Please set down, unchanged, each line from the one with "Froddo Children's Ankle" to the final line of the data below, both included. Drop the pictures.

## SOURCE DATA
*** Block opens ***
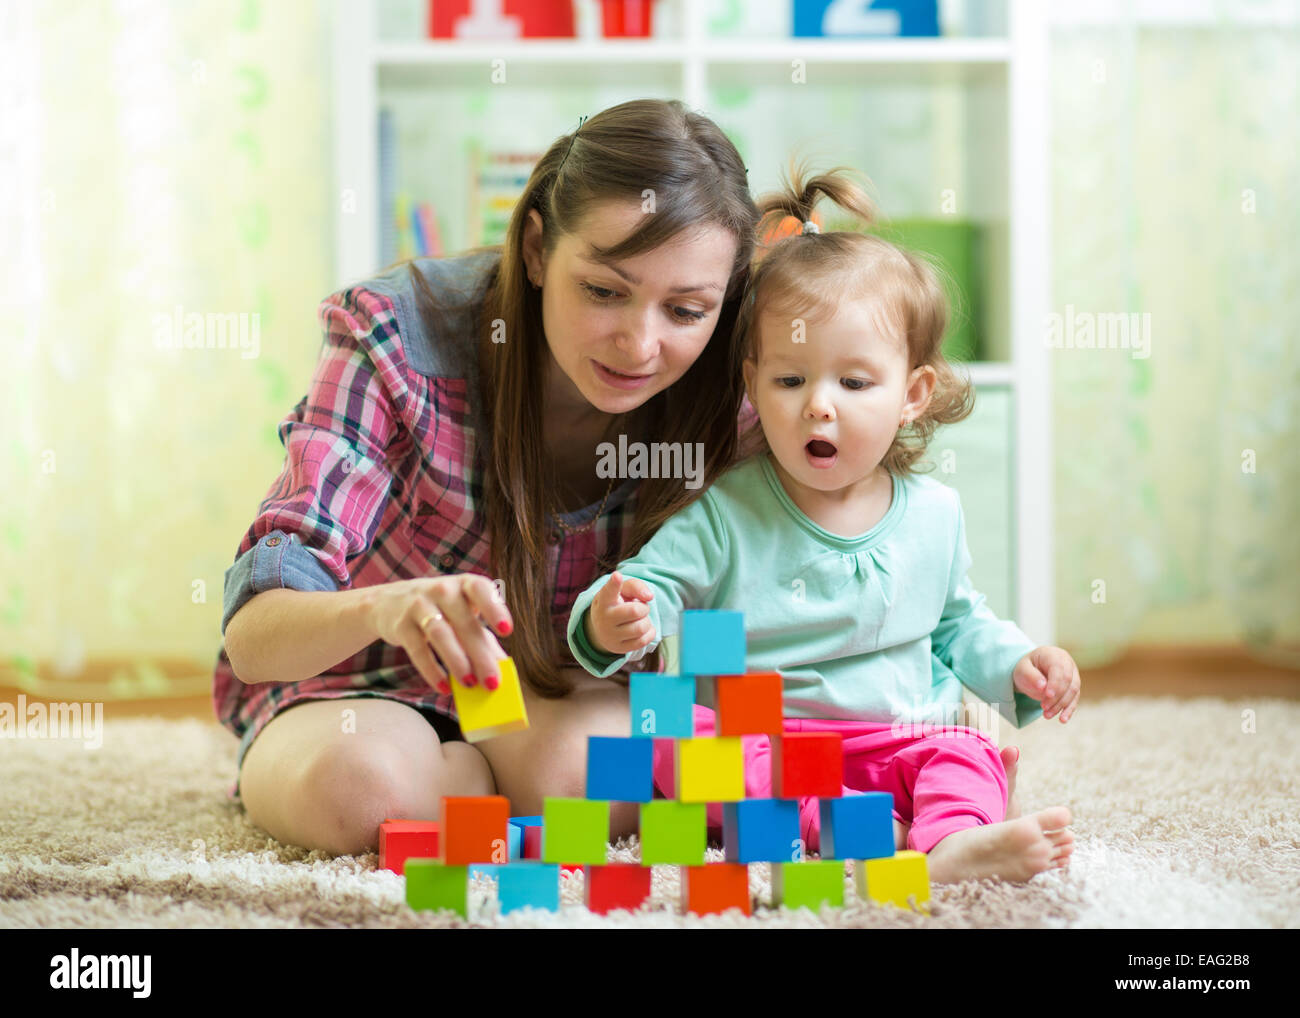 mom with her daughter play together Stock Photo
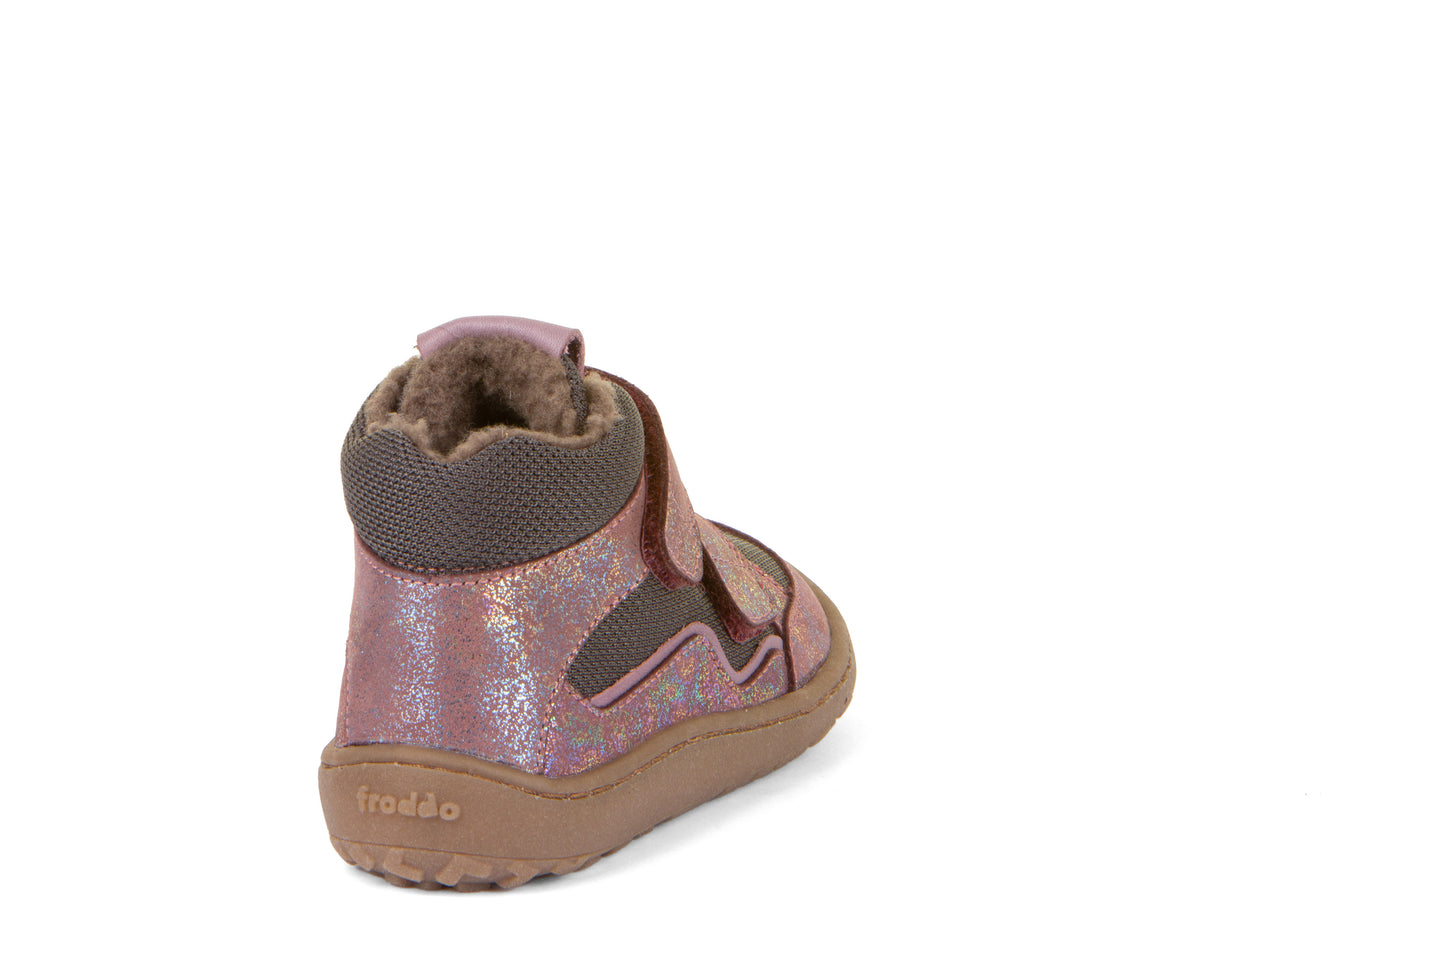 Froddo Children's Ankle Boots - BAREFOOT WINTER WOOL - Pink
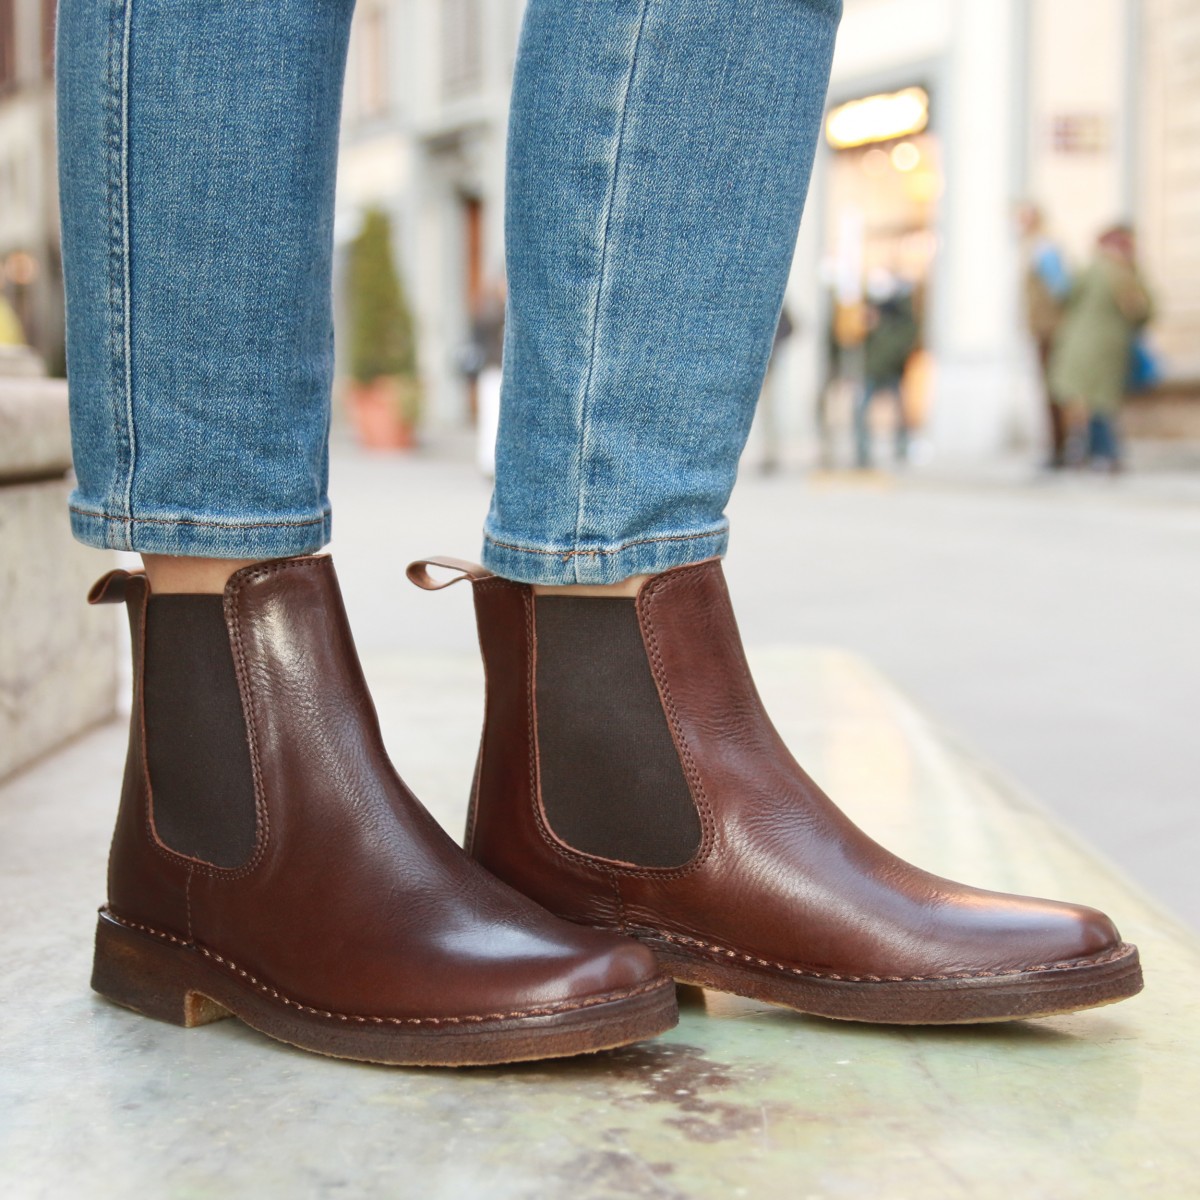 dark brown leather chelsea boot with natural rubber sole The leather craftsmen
*** Block closes ***
## SOLVED PROBLEM
 Froddo Children's Ankle Boots - BAREFOOT WINTER WOOL - Pink
 dark brown leather chelsea boot with natural rubber sole The leather craftsmen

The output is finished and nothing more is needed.